Background information
- Born: Paul Robert Potts 13 October 1970 (age 55) Bristol, England
- Genres: Classical; pop opera;
- Occupation: Tenor
- Years active: 1999–present
- Labels: Syco; Columbia; Sony Germany;
- Website: paulpottsofficial.com

= Paul Potts =

British tenor (born 1970)

Paul Robert Potts (born 13 October 1970) is a British tenor. In 2007, he won the first series of ITV's Britain's Got Talent with his performance of "Nessun dorma", an aria from Puccini's opera Turandot. As a singer of operatic pop music, Potts recorded the album One Chance, which topped sales charts in 13 countries. Before winning Britain's Got Talent, Potts was a manager at Carphone Warehouse. He had been a Bristol city councillor from 1996 until 2003, and performed in amateur opera from 1999 to 2003.

==Early life==
Paul Potts was born on 13 October 1970 in Kingswood, Bristol, and raised in nearby Fishponds by his English father Roland, a bus driver, and Welsh mother, Yvonne (née Higgins), a supermarket cashier. He has two brothers and one sister.

Potts attended St Mary Redcliffe and Temple School, where he developed his love of singing. He also sang with the choir at Chester Park Junior School and with the choirs at several Bristol churches, including Christ Church. Potts said in interviews that he had been bullied in school, and that experience may have made him lack self-confidence. He has also said that his voice had always been a source of solace when he was bullied.

After he left school in 1987, Potts had various jobs including working at Waitrose and Tesco; he also worked part-time at Debenhams.

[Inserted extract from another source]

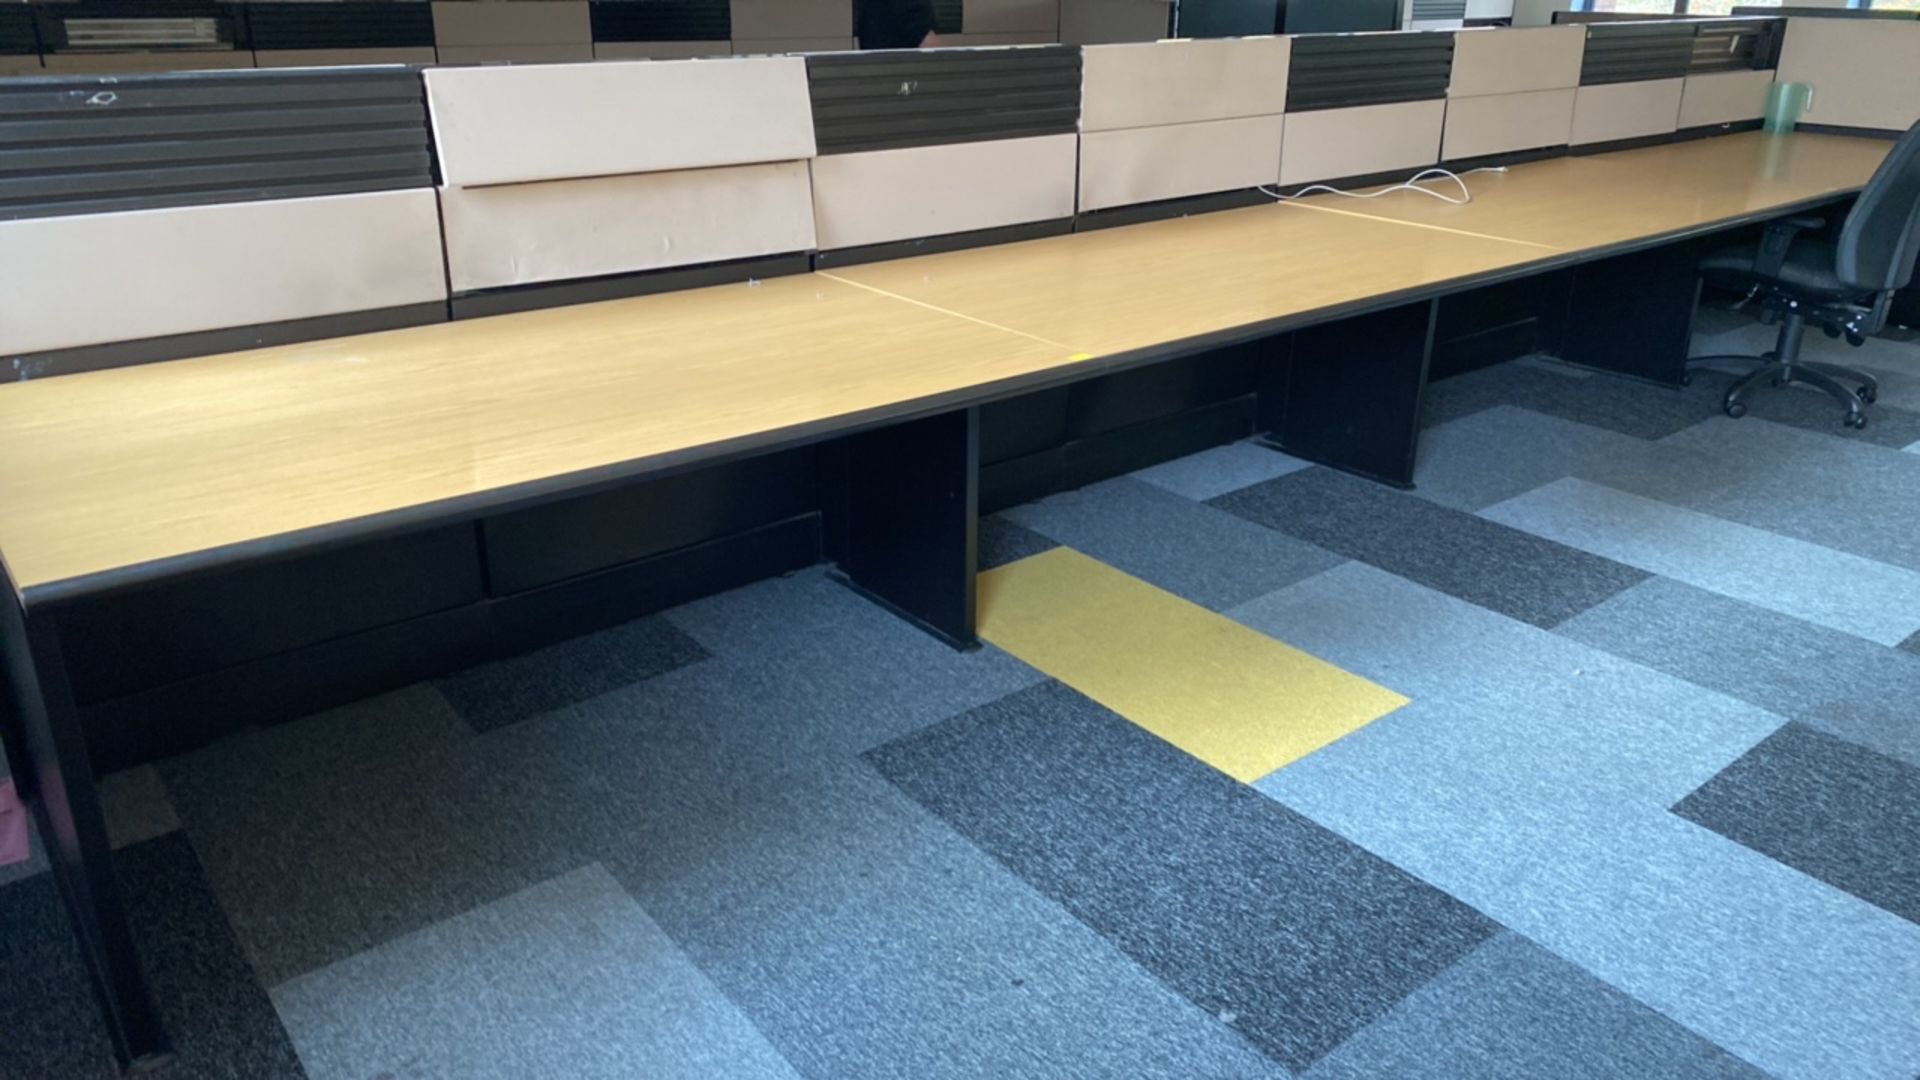 Bank Of 4 Wooden Desks With Black Legs - Image 2 of 6

At the time of his Britain's Got Talent appearance, he was working in The Carphone Warehouse.

In 1993, Potts earned a B.A. (Bachelor of Arts) Honours degree in humanities from University College Plymouth St Mark & St John. In 1996, Potts was elected in a council by-election to represent the Eastville ward of Bristol City Council as a Liberal Democrat councillor; he was the youngest member of Bristol City Council and served until 2003.

After winning Britain's Got Talent, Potts took a six-month sabbatical from his job and resigned on 5 March 2008.

==Singing career==
Potts first sang opera in the minor roles of the Prince of Persia and the Herald in Puccini's Turandot for Bath Opera, an amateur company, in 1999. He then performed leading roles on four occasions: Don Basilio in Mozart's Marriage of Figaro in 2000; Don Carlos in Verdi's Don Carlos in 2001; Don Ottavio in Mozart's Don Giovanni in 2003; and Radames in Verdi's Aida in 2003. He also performed the role of the Chevalier des Grieux in Puccini's Manon Lescaut for the Southgate Opera Company in London, an amateur company, in May 2003. Additionally, he sang with a small ensemble from the Royal Philharmonic in front of an audience of 15,000 and toured northern Italy as a soloist as part of his music classes there.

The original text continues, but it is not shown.